Мухи сонно и недовольно гудели по потолку жаркой, темной избы. Каждую
ночь что-нибудь будило их. То корова чесалась боком о стену избы; то крыса
пробегала по отрывисто звенящим клавишам фортепиано и, сорвавшись, с треском
падала в черепки, заботливо складываемые тетей в угол; то старый черный кот
с зелеными глазами поздно возвращался откуда-то домой и лениво просился в
избу; или же прилетал вот этот филин, криками своими пророчивший беду. И
тетя, пересиливая дремоту, отмахиваясь от мух, в темноте лезших в глаза,
вставала, шарила по лавкам, хлопала дверью -- и, выйдя на порог, наугад
запускала вверх, в звездное небо, скалку. Филин, с шорохом, задевая крыльями
солому, срывался с крыши -- и низко падал куда-то в темноту. Он почти
касался земли, плавно доносился до риги и, взмыв, садился на ее хребет. И в
усадьбу опять доносился его плач. Он сидел, как будто что-то вспоминая, -- и
вдруг испускал вопль изумления; смолкал -- и внезапно принимался истерически
ухать, хохотать и взвизгивать; опять смолкал -- и разражался стонами,
всхлипываниями, рыданиями... А ночи, темные, теплые, с лиловыми тучками,
были спокойны, спокойны.
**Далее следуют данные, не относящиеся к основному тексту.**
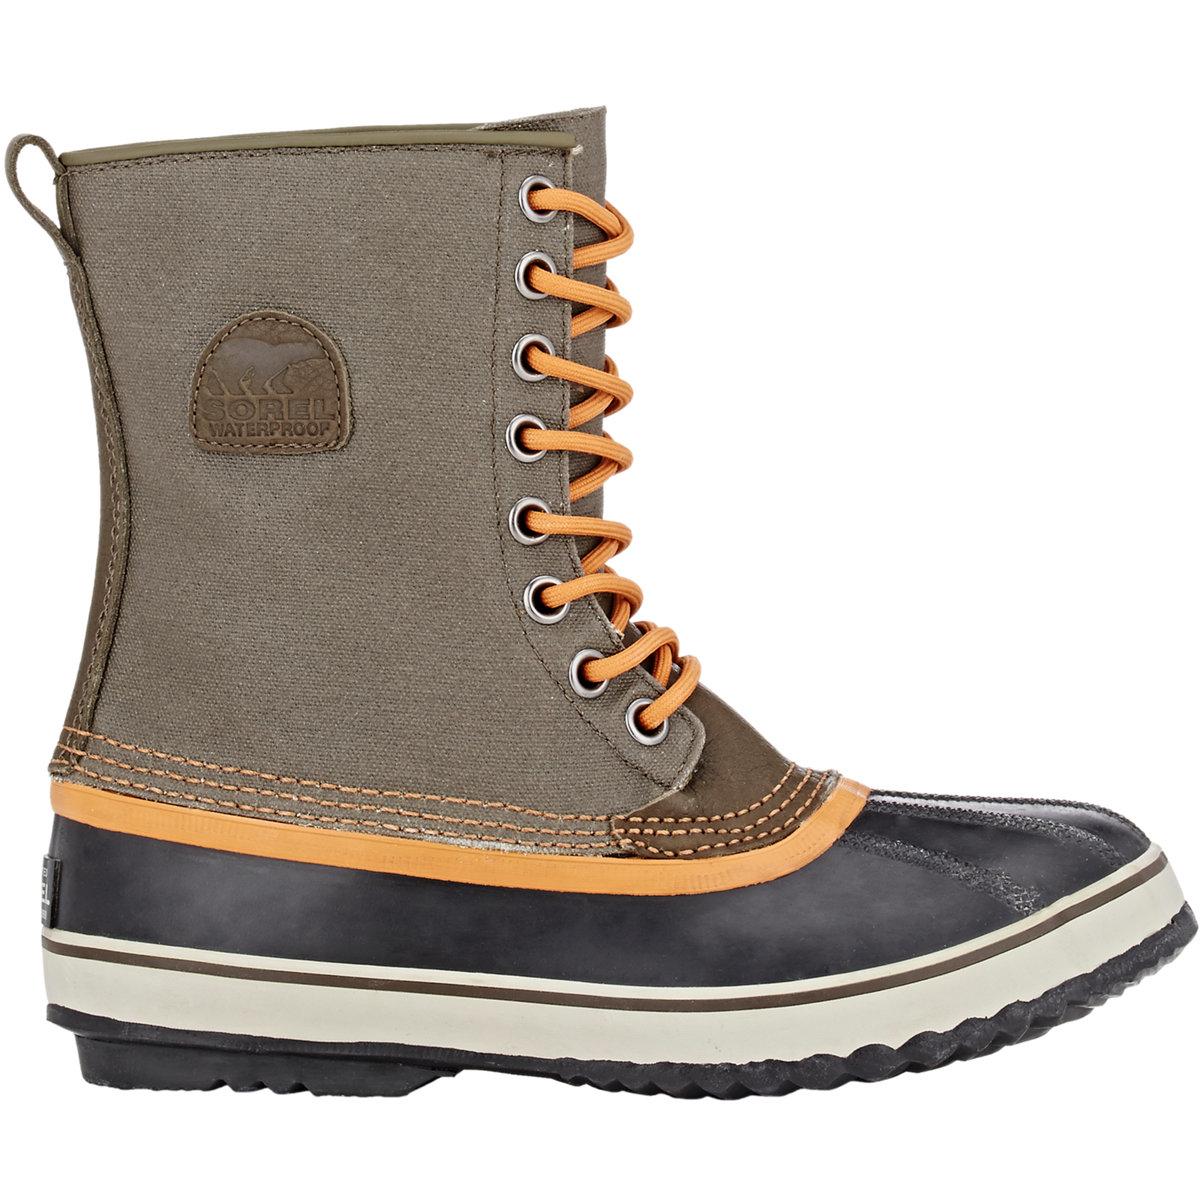 22d7f34a752 Sorel Green 1964 PremiumTM T Cvs Boots for men

Сонно бежал и струился лепет сонных тополей.
Зарница осторожно мелькала над темным Трошиным лесом -- и тепло, сухо пахло
дубом. Возле леса, над равнинами овсов, на прогалине неба среди туч, горел
серебряным треугольником, могильным голубцом Скорпион...
Поздно возвращались мы в усадьбу. Надышавшись росой, свежестью степи,
полевых цветов и трав, осторожно поднимались мы на крыльцо, входили в темную
прихожую. И часто заставали Наталью на молитве перед образом Меркурия.
Босая, маленькая, поджав руки, стояла она перед ним, шептала что-то,
крестилась, низко кланялась ему, невидному в темноте, -- и все это так
просто, точно беседовала она с кем-то близким, тоже простым, добрым,
милостивым.
-- Наталья? -- тихо окликали мы.
-- Я-с? -- тихо и просто отзывалась она, прерывая молитву.
-- Что же ты не спишь до сих пор?
-- Да авось еще в могиле-с наспимся...
Мы садились на коник, раскрывали окно; она стояла, поджав руки.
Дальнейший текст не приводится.